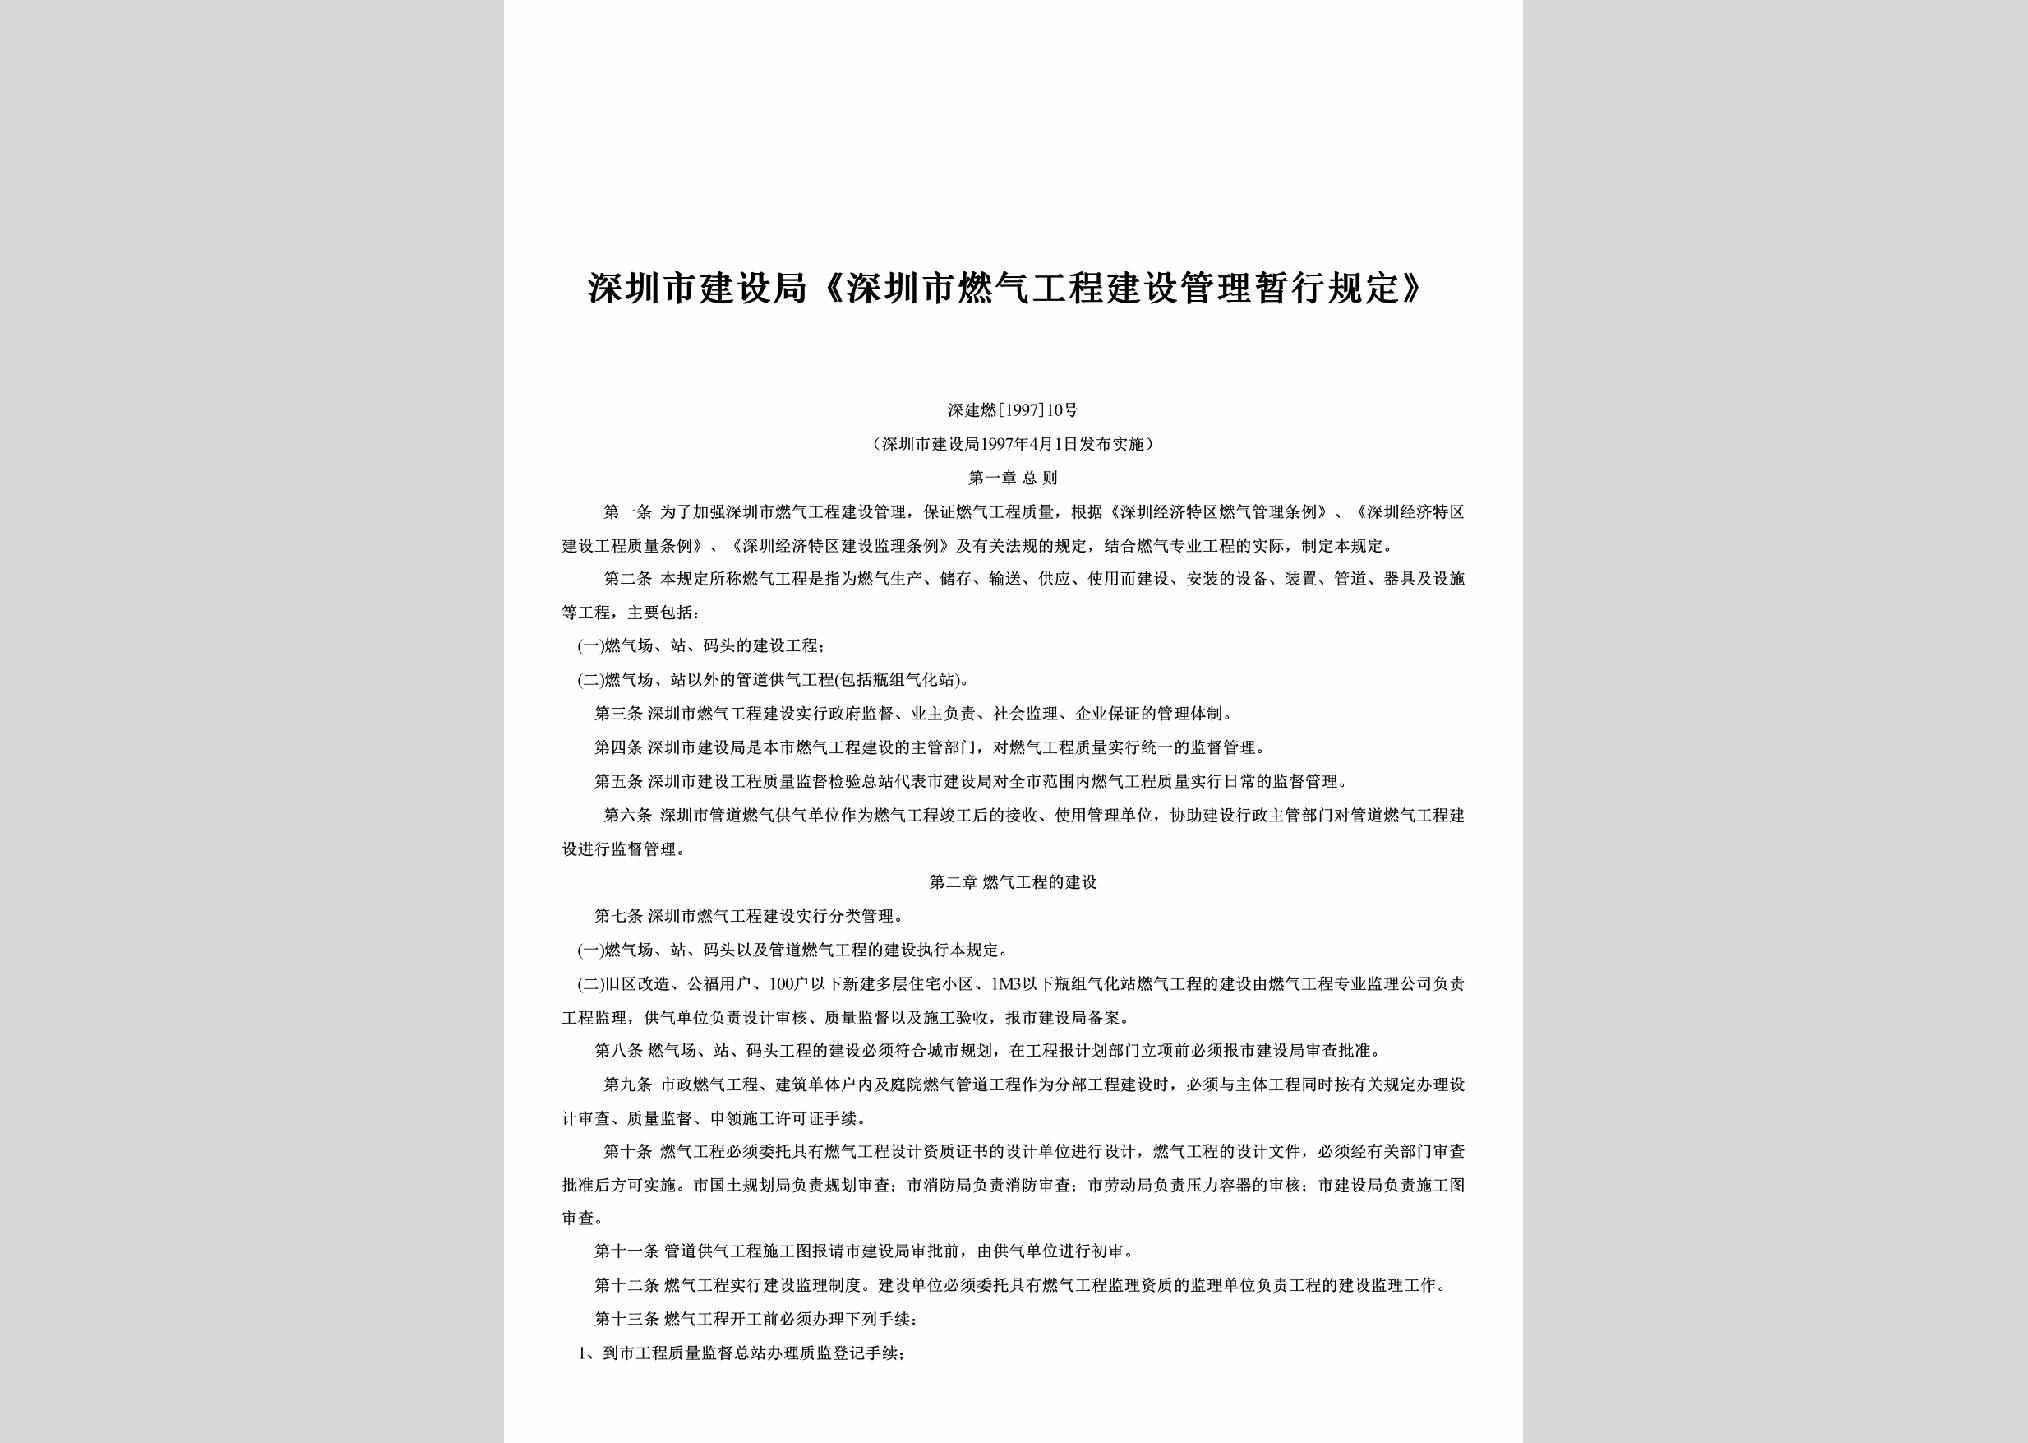 深建燃[1997]10号：《深圳市燃气工程建设管理暂行规定》
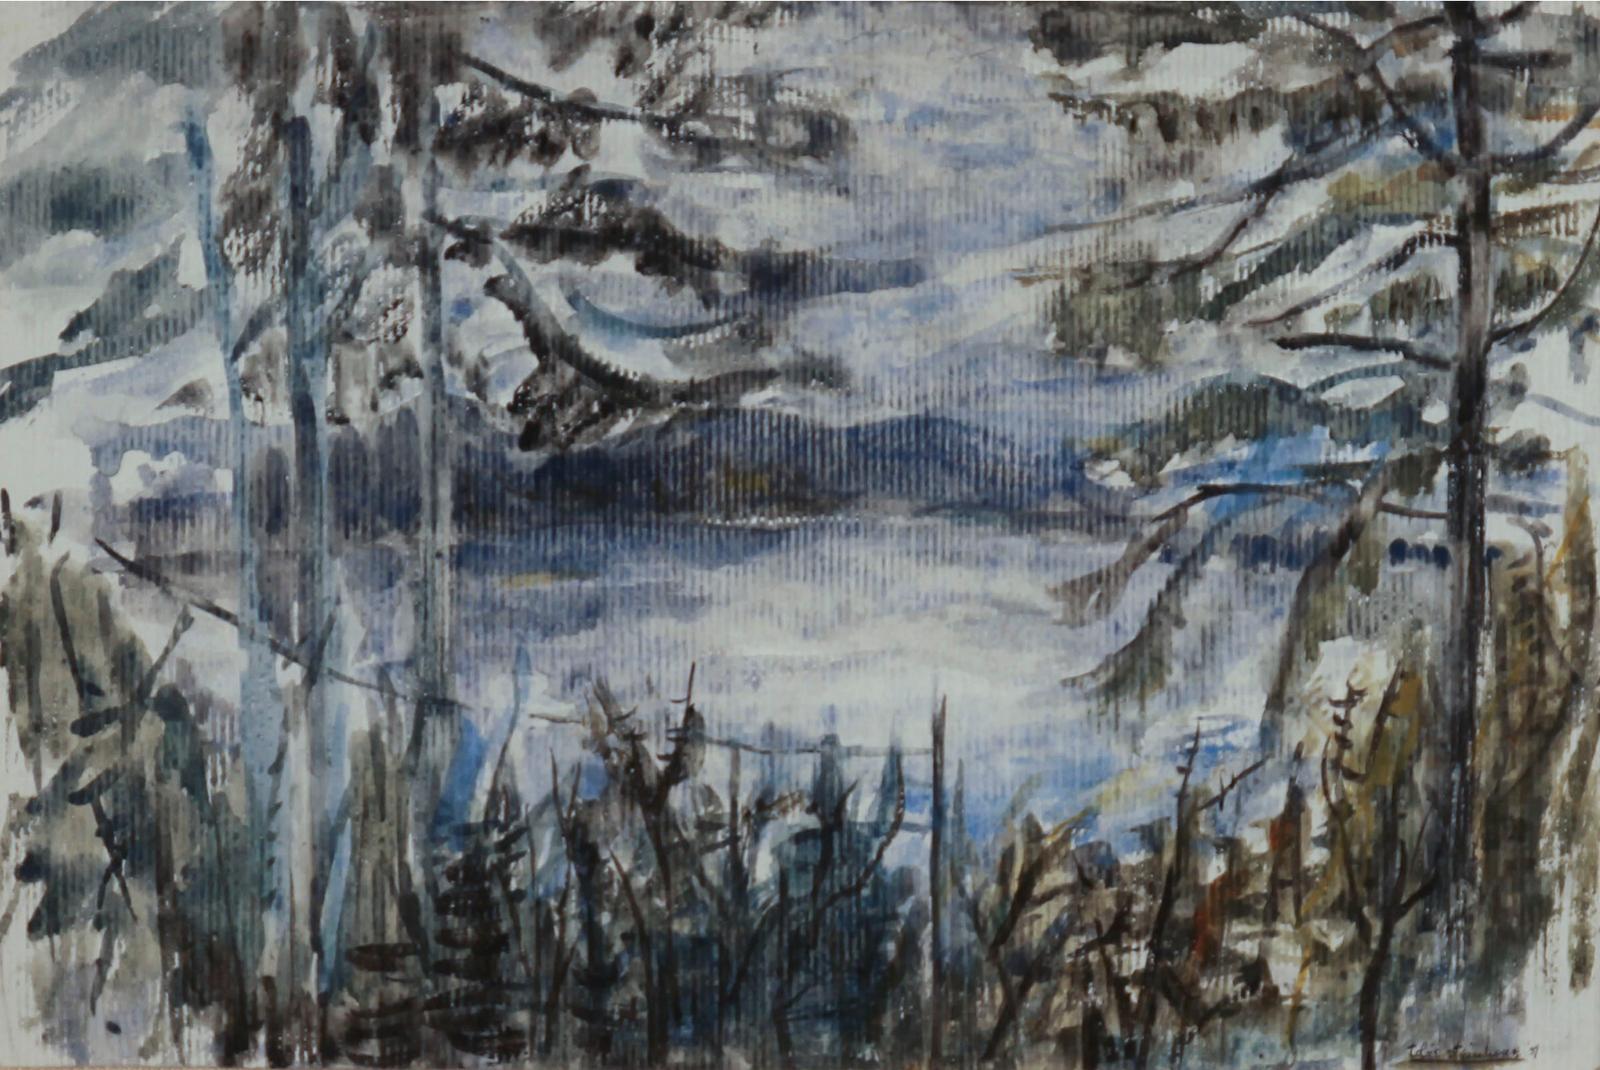 Tobie Thelma Steinhouse (1925) - Storm Coming, Lac Ouareau, Quebec, 1959
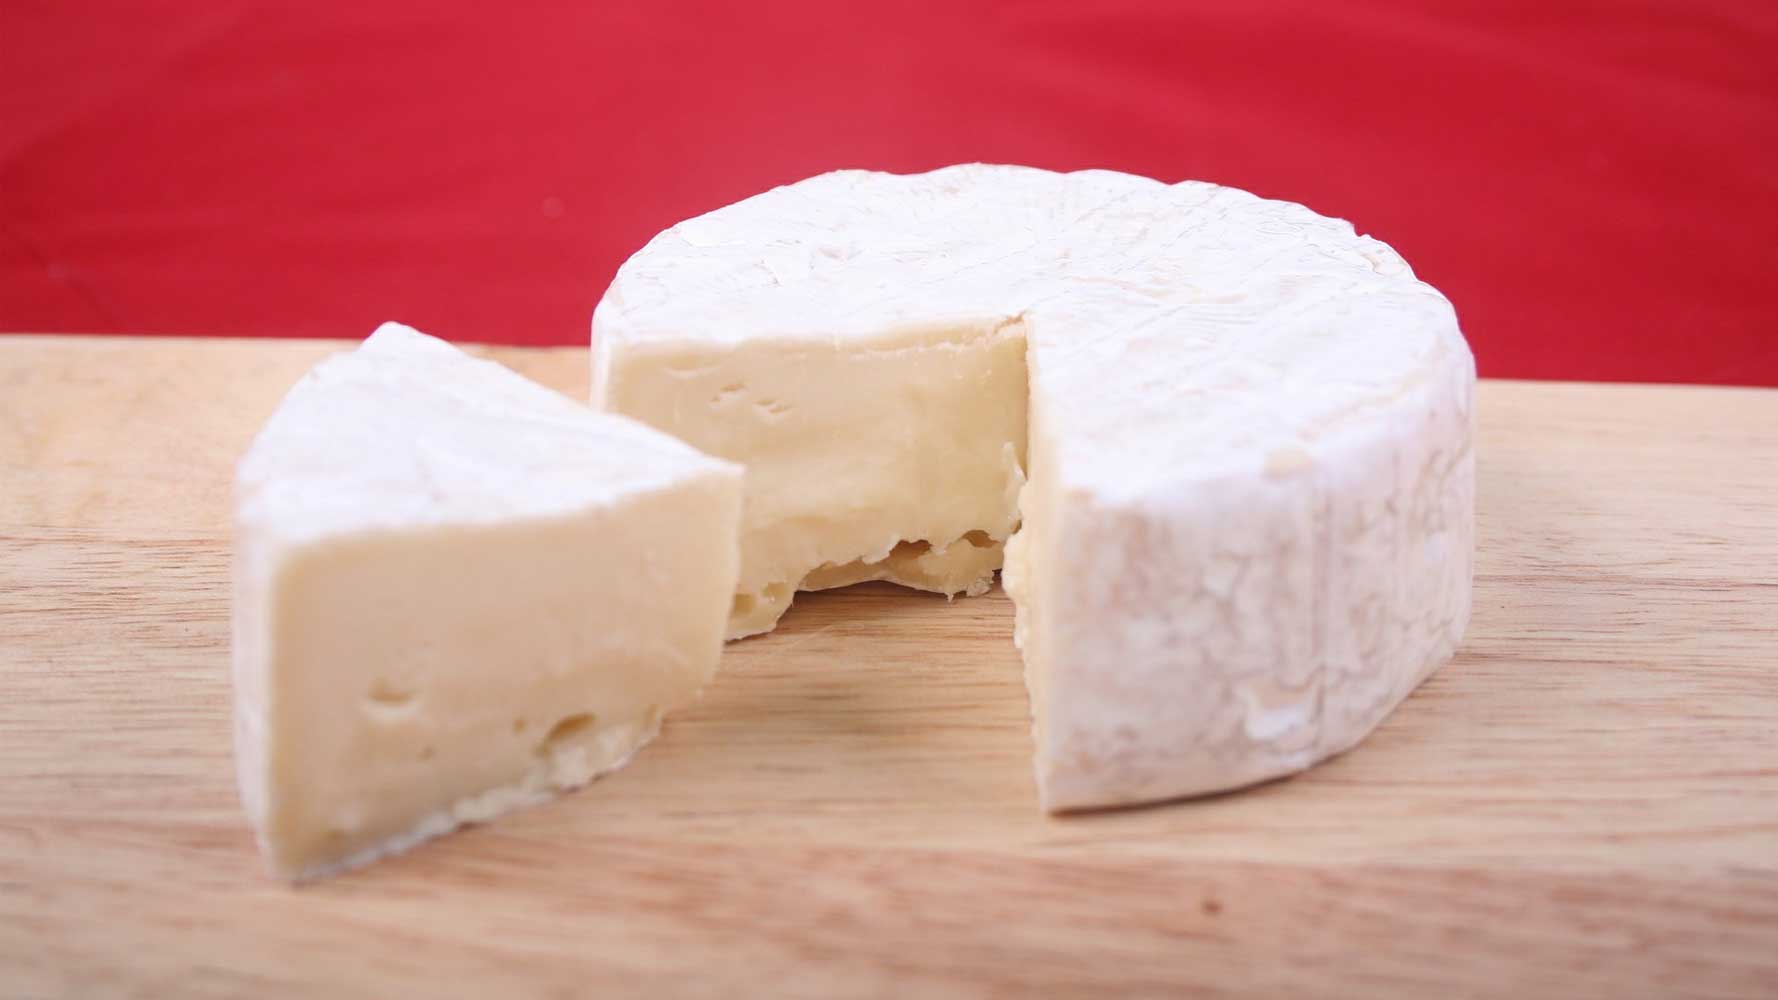 İnek peyniri sayfası, İnek peyniri resmi

→ Your goal: An exact copy of the material is required, minus the pictures.

→ Result of the exercise:
 深建燃[1997]10号：《深圳市燃气工程建设管理暂行规定》
 Tobie Thelma Steinhouse (1925) - Storm Coming, Lac Ouareau, Quebec, 1959
 İnek peyniri sayfası, İnek peyniri resmi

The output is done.